Well, as far as years go, 2020 was pretty much a stinker.  It was one of the toughest we've ever experienced around here and there have been some tough ones in recent years.  This year, my spouse has battled serious health issues which started around this time in the last year.  She's endured a lot this year, but she is bouncing back and doing well, so at least we are ending 2020 in better shape than we ended 2019 and hopefully, things will continue to improve.  For those who were aware of things, we appreciate all the good thoughts and prayers sent her way.  She is my rock and my reason to be and not only that, she enjoys the blues and has encouraged me to enjoy them as much as I possibly can over the years.  

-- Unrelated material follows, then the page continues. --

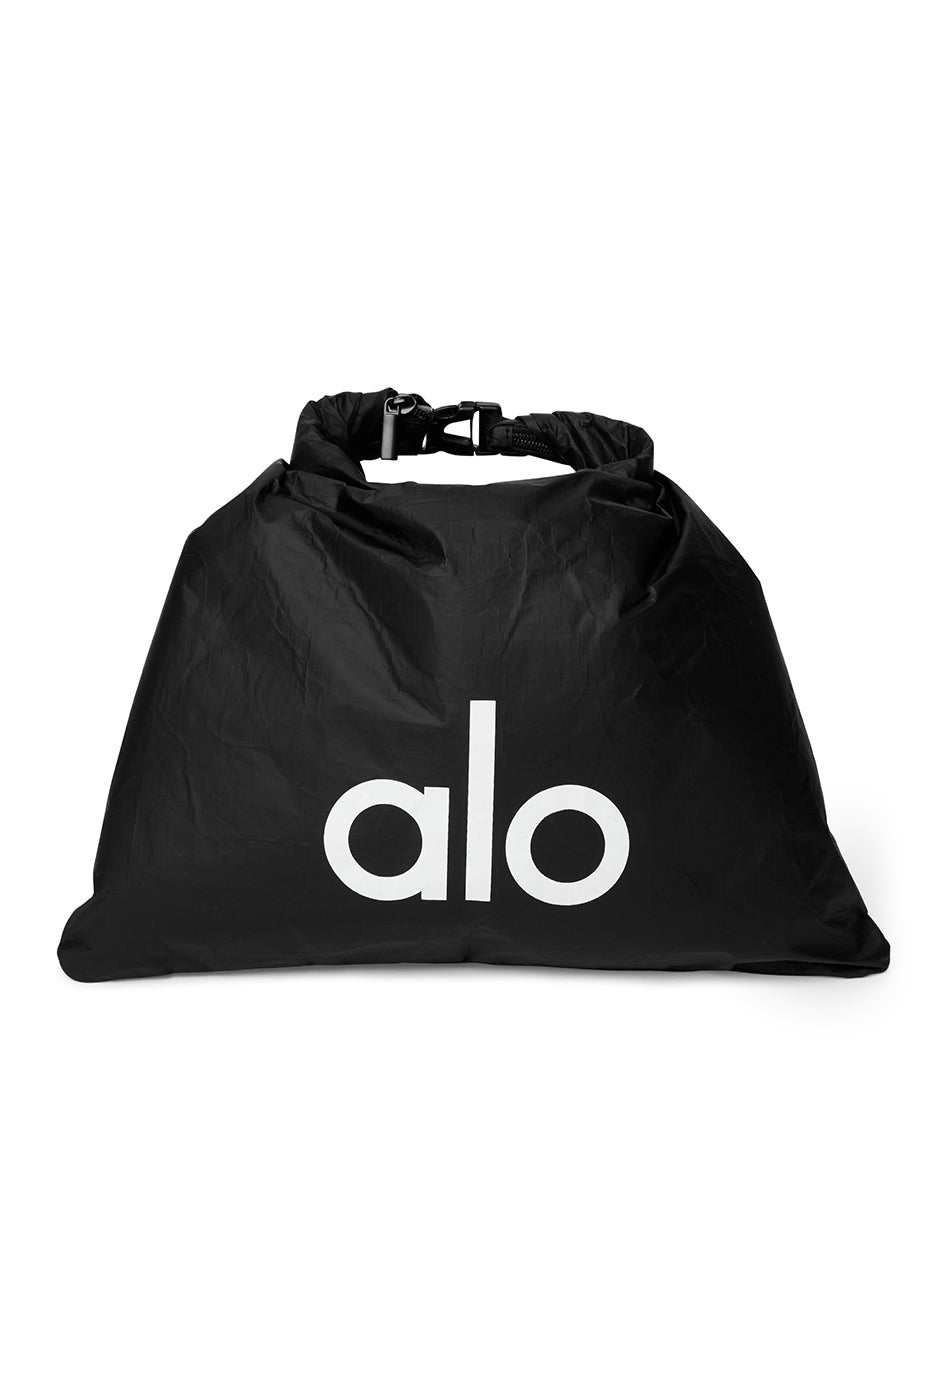 Keep It Dry Fitness Bag in Black by Alo Yoga - International Design Forum

I apologize for the lack of posts over the past few weeks.  I don't get a lot of traffic on the site anymore, but I really appreciate what I do get and I know those who visit love the blues as much as I do.  I hope to have more time and to do much better in 2021.  The picture shows what I will be doing tomorrow to celebrate New Year's Day.  I'm still in an old blues mood and I have really enjoyed listening to these discs since the summer....believe it or not, I had not listened to much Big Bill Broonzy over the years, but based on what I've just been listening to, I will be finding more as soon as I can.  

Meanwhile, my daughter and son-in-law gave me one of their record players.....the first one I've had since I was a kid.  They also gave me a few used albums to listen to for Christmas, but I also gave myself a Christmas present.....a 45 recording from Robert Nighthawk recorded by George Mitchell just three months before he passed away in 1967.  I wasn't sure what to expect, but he sounds just as good on these three tracks (Side A is "Canned Heat, Side B is "Nighthawk Boogie" and "Down By The Woodshed") as he did on all of his other recordings.  His slide guitar play just gives me goose bumps on my goose bumps.

On a sad note, the blues world lost a good one on Christmas Eve, when Mississippi blues man Kern Pratt passed away.  He had been in ICU for a couple of weeks battling pancreatitis when he contracted COVID.  We reviewed his most recent release, the excellent Greenville, MS.....What About You? a few months ago, and he released a great single with Will Wesley, "A New Kind Of Blues," that addressed all of the madness and chaos that we all had to deal with last's a bit ironic now since that's what took him away from us.  I had recently contacted Pratt and we had discussed doing a Ten Questions in the coming months, but he got sick a few weeks later.  He will be much missed on the Mississippi blues scene for sure.

Anyway, that's all for now.  Hopefully, we will have a Top Twenty List for 2020 in a few weeks and maybe pay tribute to those we lost over the past year, plus more correspondence in-between.  Have a Happy 2021!!